Walsh, a Boston native, is the son of Irish immigrants who traces his career in politics back to his involvement in the Laborer's Union. He assured the panel they have friends in Washington who are "not afraid to say the word union, not afraid to say collective bargaining."

He said stronger unions are critical to build support "for the fight for $15," the movement to raise the minimum wage.

Harris, likewise, made it clear the administration's sentiments are aligned with organized labor.

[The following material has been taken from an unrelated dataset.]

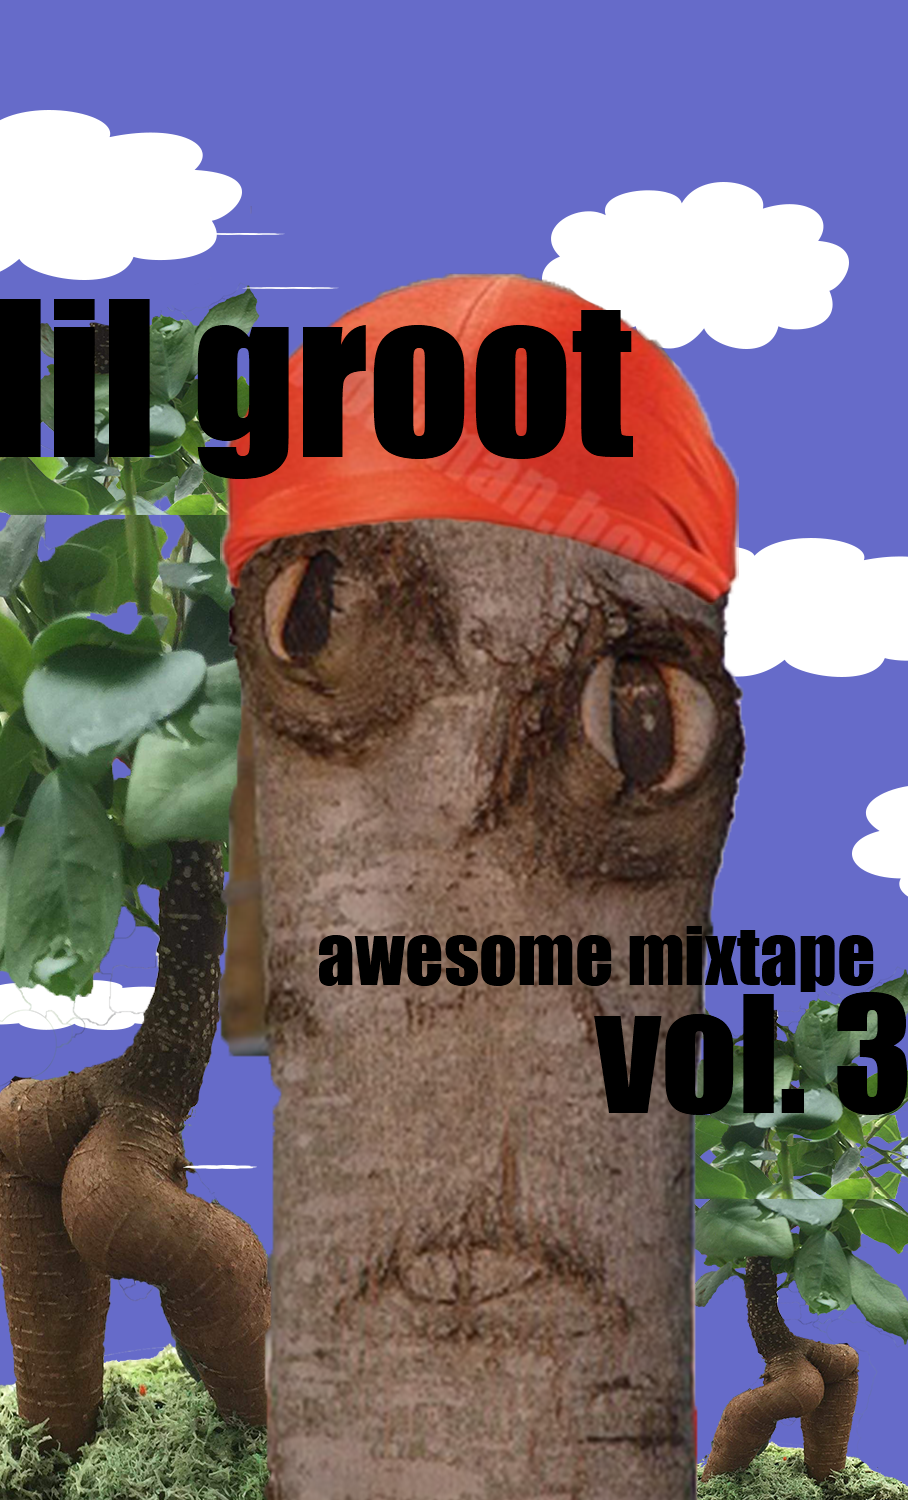 reddit memes - snout - Til groot awesome mixtape

"It's great to be in the house of labor," she told the group gathered in the labor hall where Biden launched his presidential bid more than two years earlier. "When we support unions, that's about lifting up the middle class, and everyone benefits."

Harris said the administration is committed to addressing the barriers faced by workers seeking to organize.

In an exchange that sometimes became emotional, union representatives said they face enormous obstacles, ranging from high-powered lawyers committed to blocking their efforts to worker intimidation, when they attempt to organize.

Jennifer Chow, of the Communications Workers of America, said she was afraid to let her San Francisco coworkers know she was coming to Pittsburgh to join the panel.

A first-generation college graduate, the tearful woman told the panel she became involved with the union when she learned men with similar educations were being paid far more than she was for the same work.

Barbara Rosenthal, of the Service Worker International Union, told Harris and Walsh unions like SEIU face enormous obstacles when they attempt to organize front-line workers in massive hospital systems such as UPMC. She said it no longer works to organize one hospital at a time when a union is facing one of the largest employers in the state.

"The majority of people want to join the union, but they're terrified of losing their jobs," Rosenthal said.

After talking with the panel members, Harris and Walsh adjourned for a private discussion with Wynne Lanros, Amanda Parks and Rachel Davis. The three women could represent a new frontier for organized labor. The women, contractors for Google, organized the nation's first white-collar tech union in Pittsburgh.